→ Instructions to follow
Please return only the lines from the one with "Acoustical panel having" through the final line of the data, unchanged, with pictures omitted.

→ Collected data

<<<<

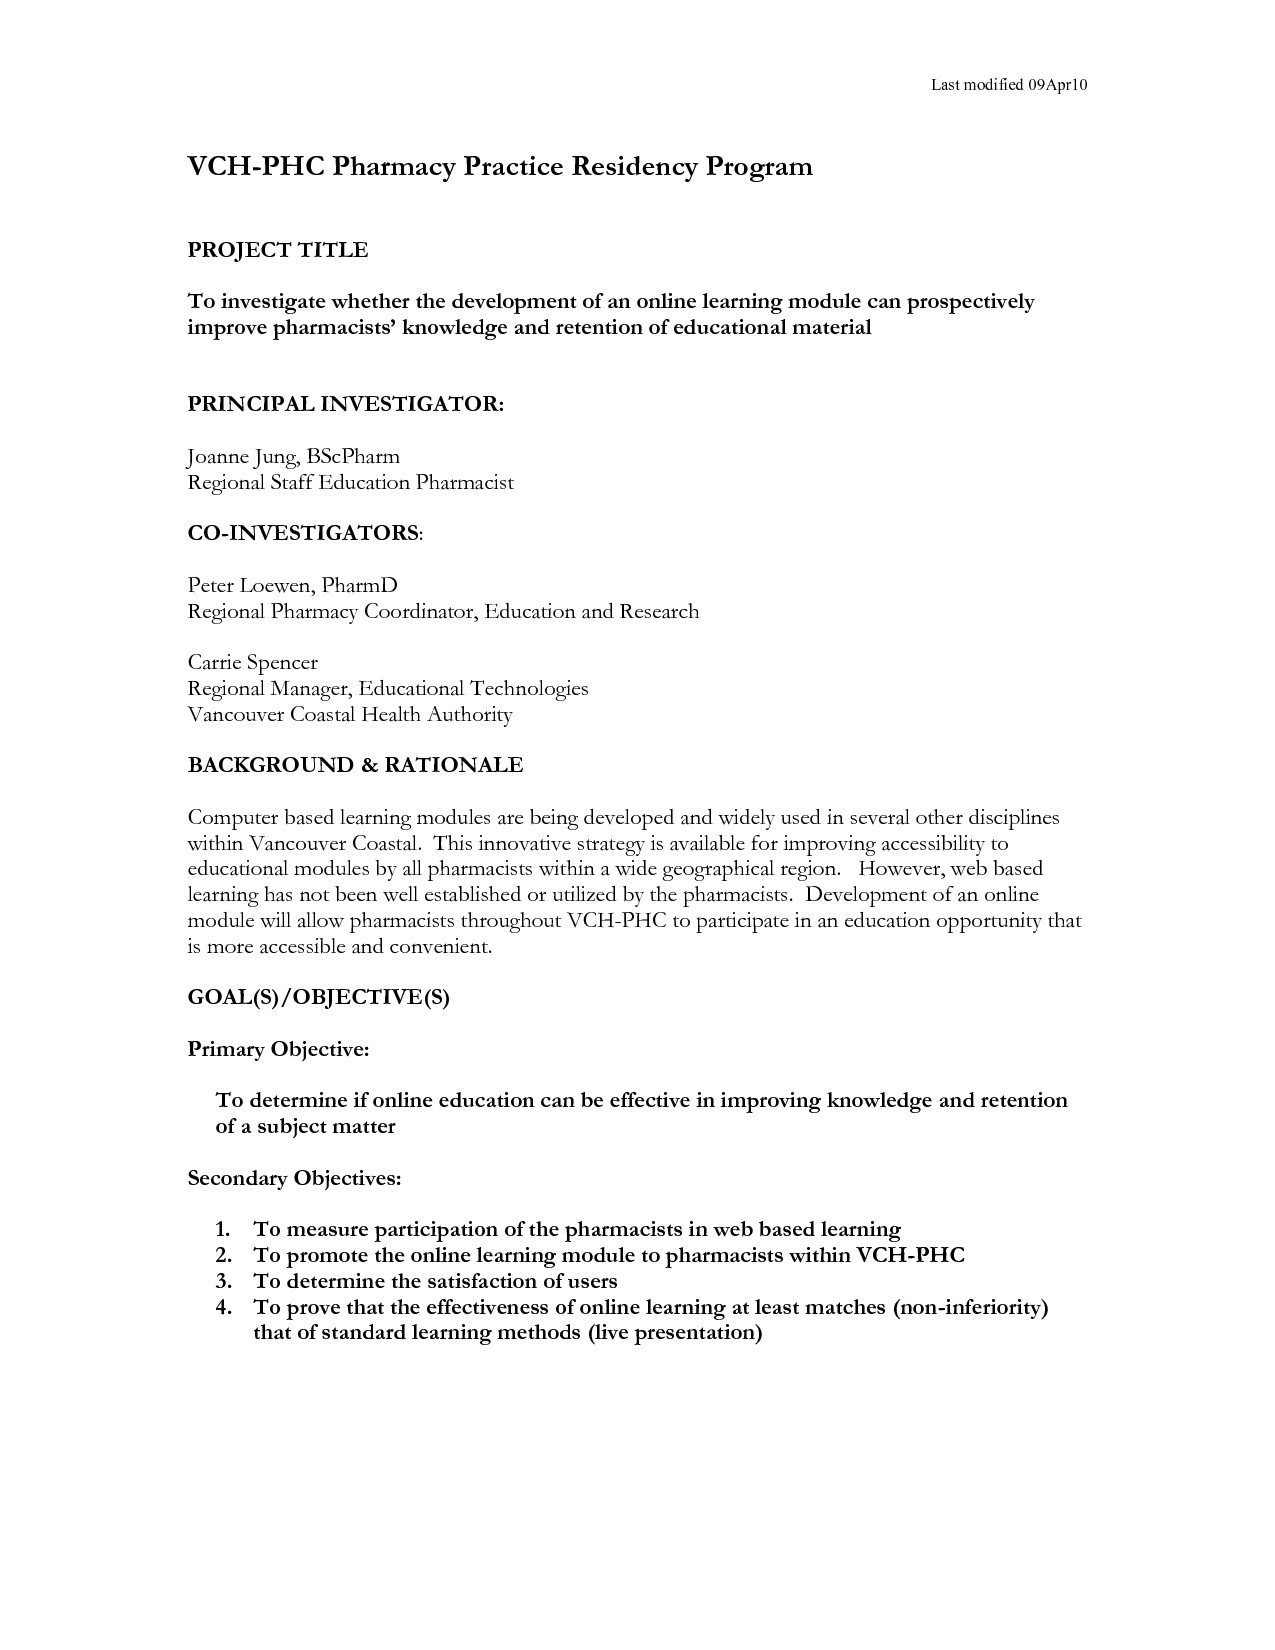 One Page Proposal Template Research Proposal How to Write One
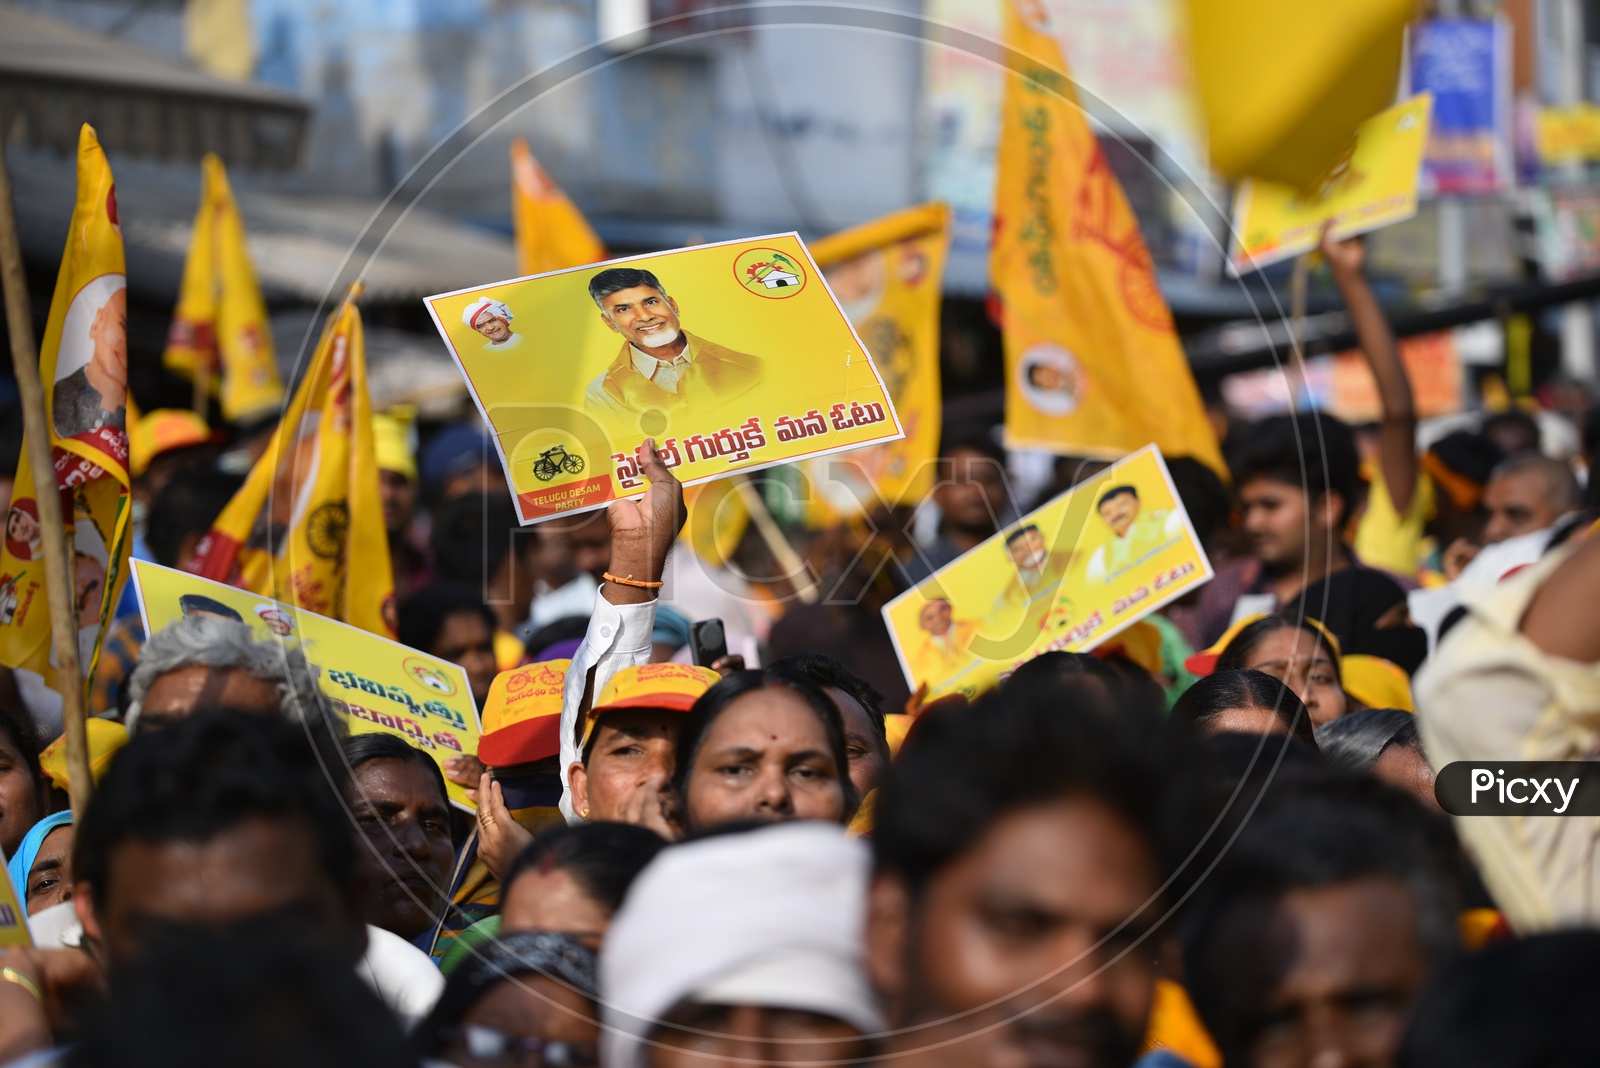 TDP party workers holding Placards of Chandra Babu Naidu and TDP party Flags
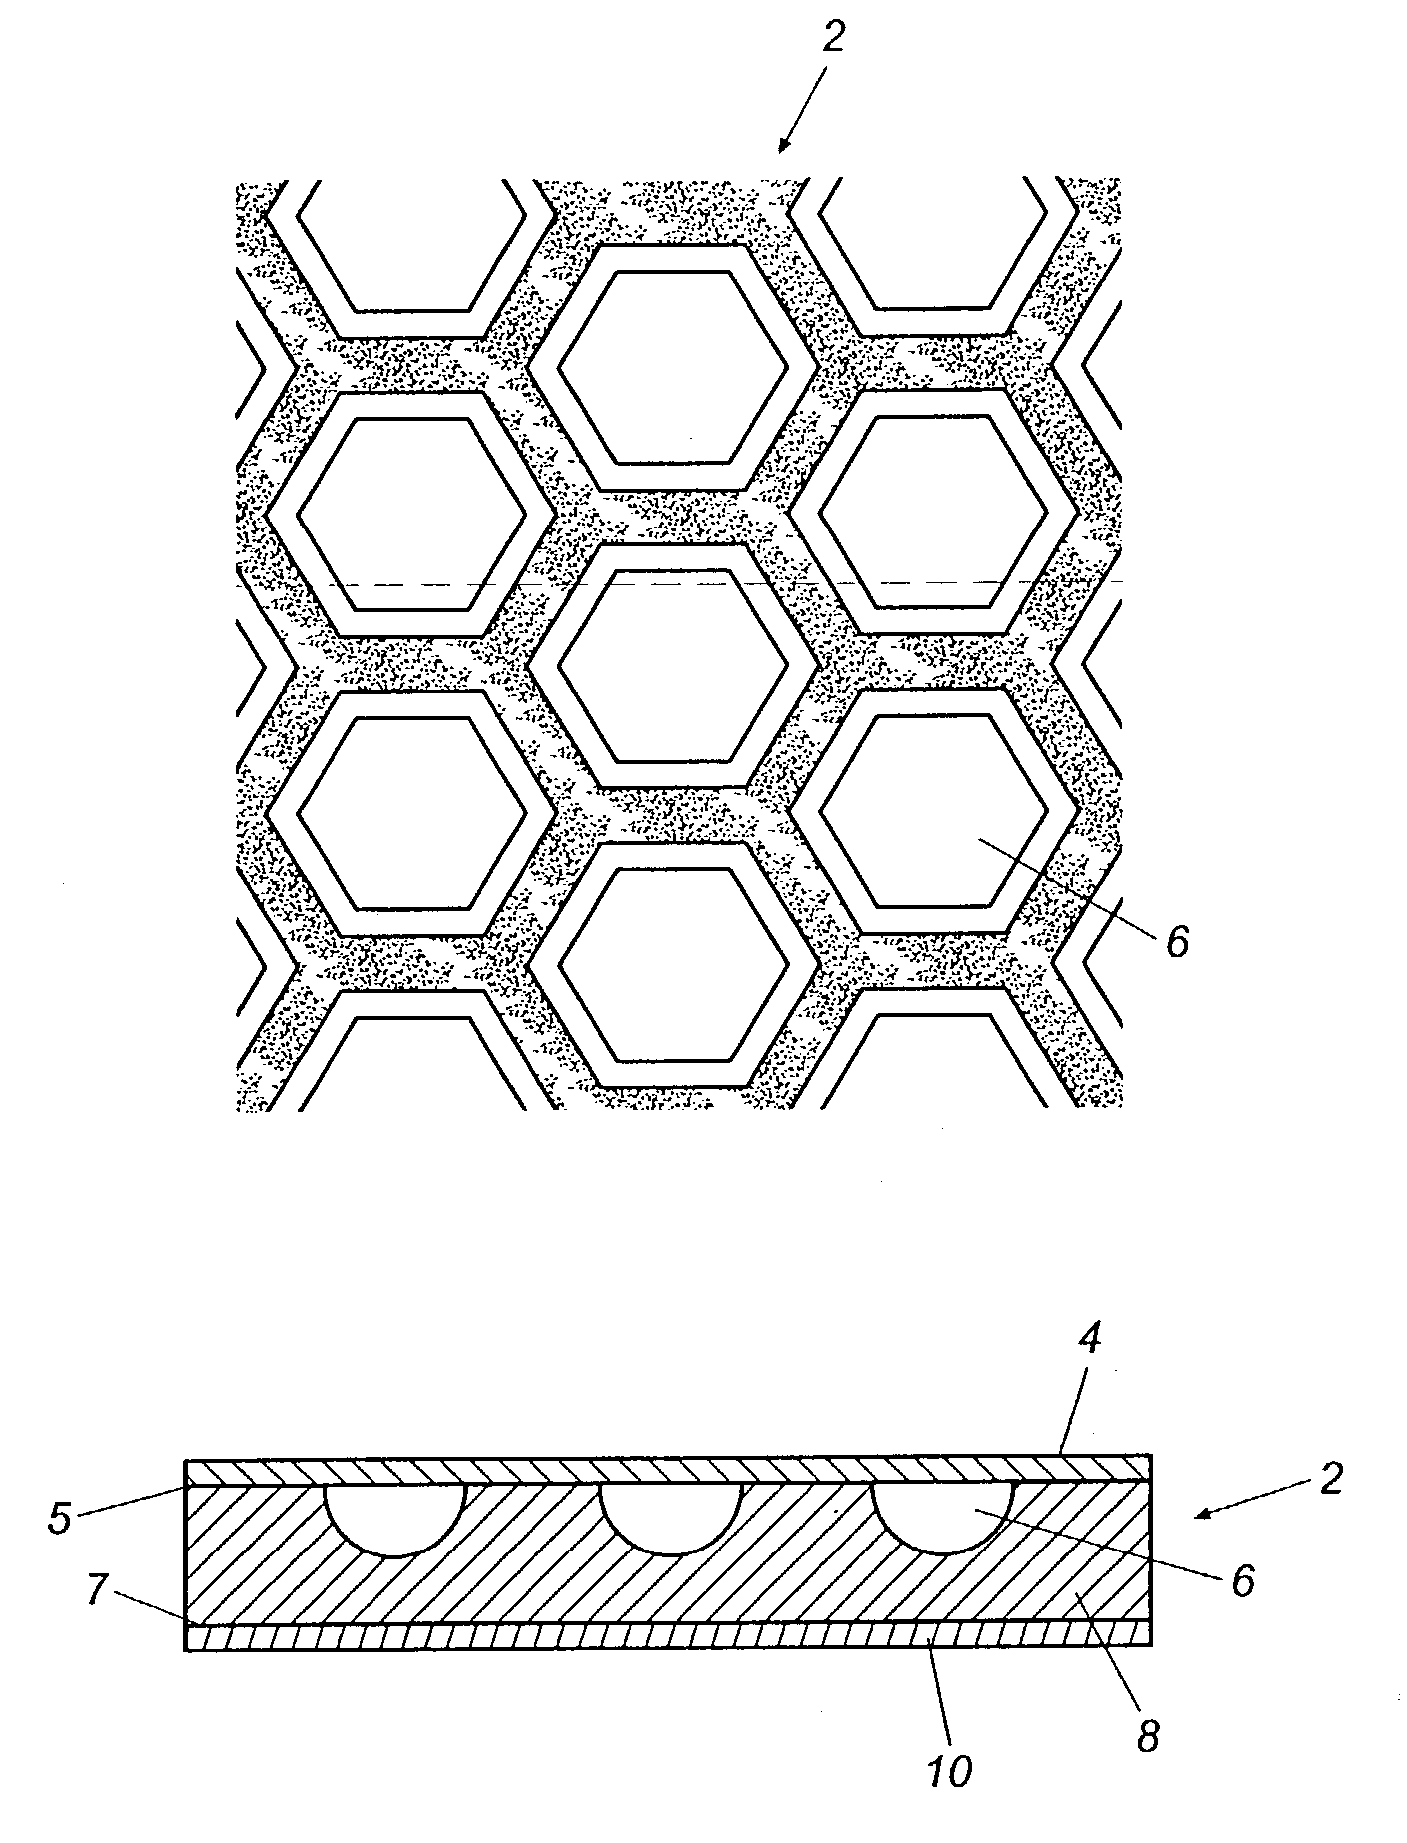 Acoustical panel having a honeycomb structure and method of making the same
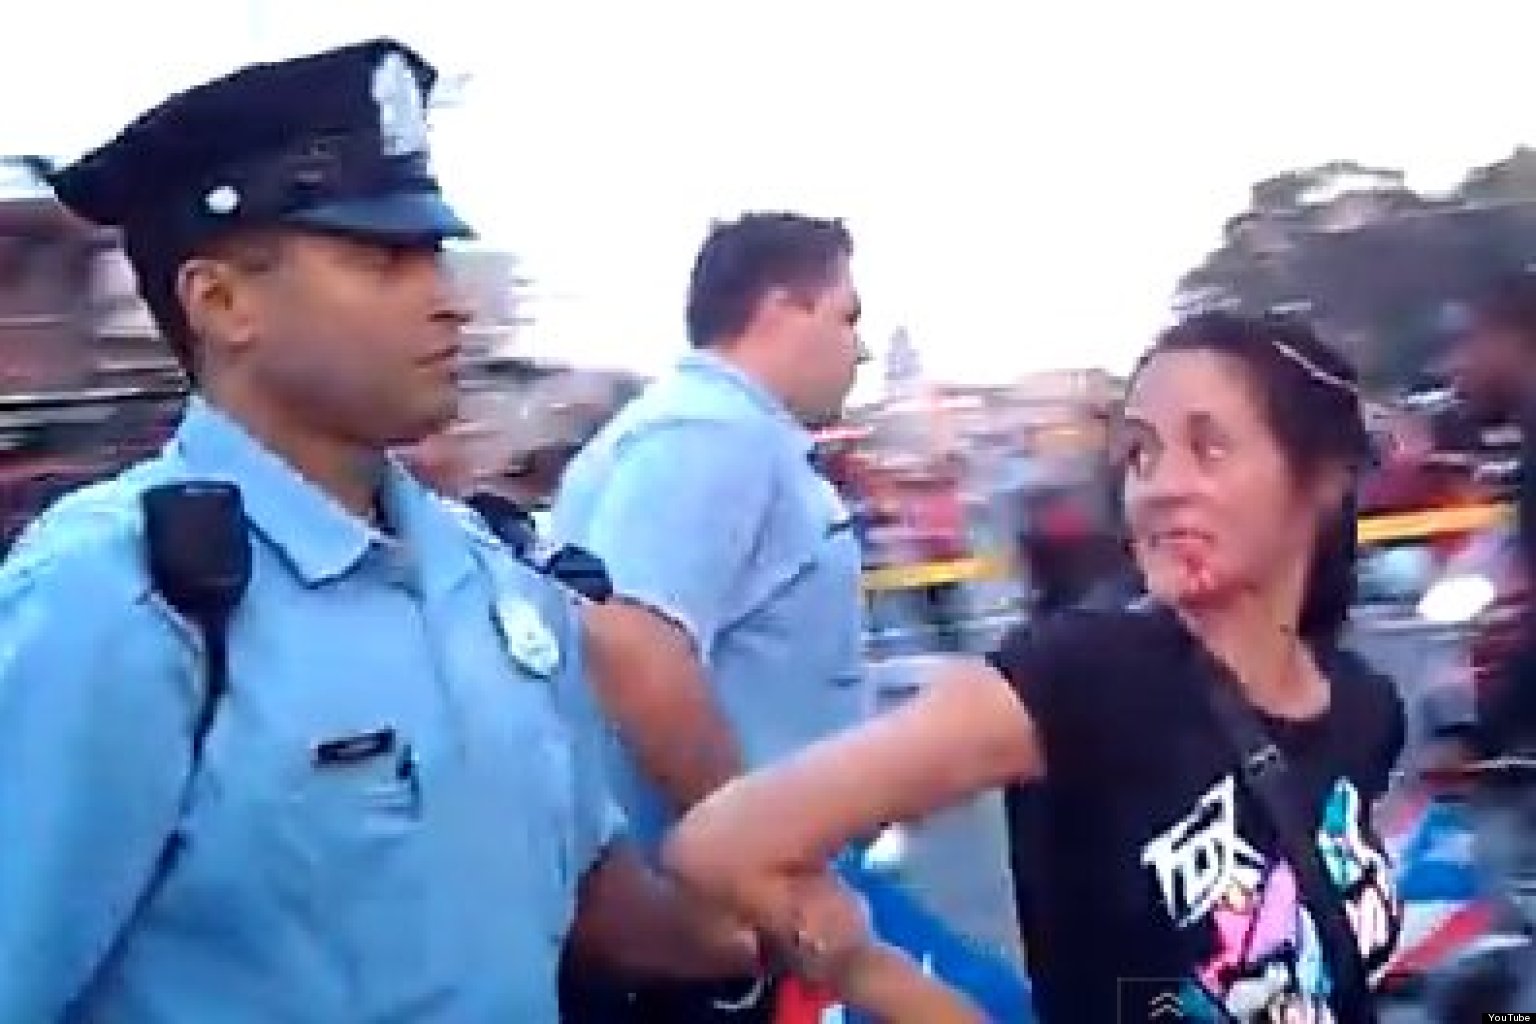 Philadelphia Police Officer Appears To Punch Arrest Woman After Puerto Rican Day Parade 2012

>>>>

→ Reply
 Acoustical panel having a honeycomb structure and method of making the same
 Philadelphia Police Officer Appears To Punch Arrest Woman After Puerto Rican Day Parade 2012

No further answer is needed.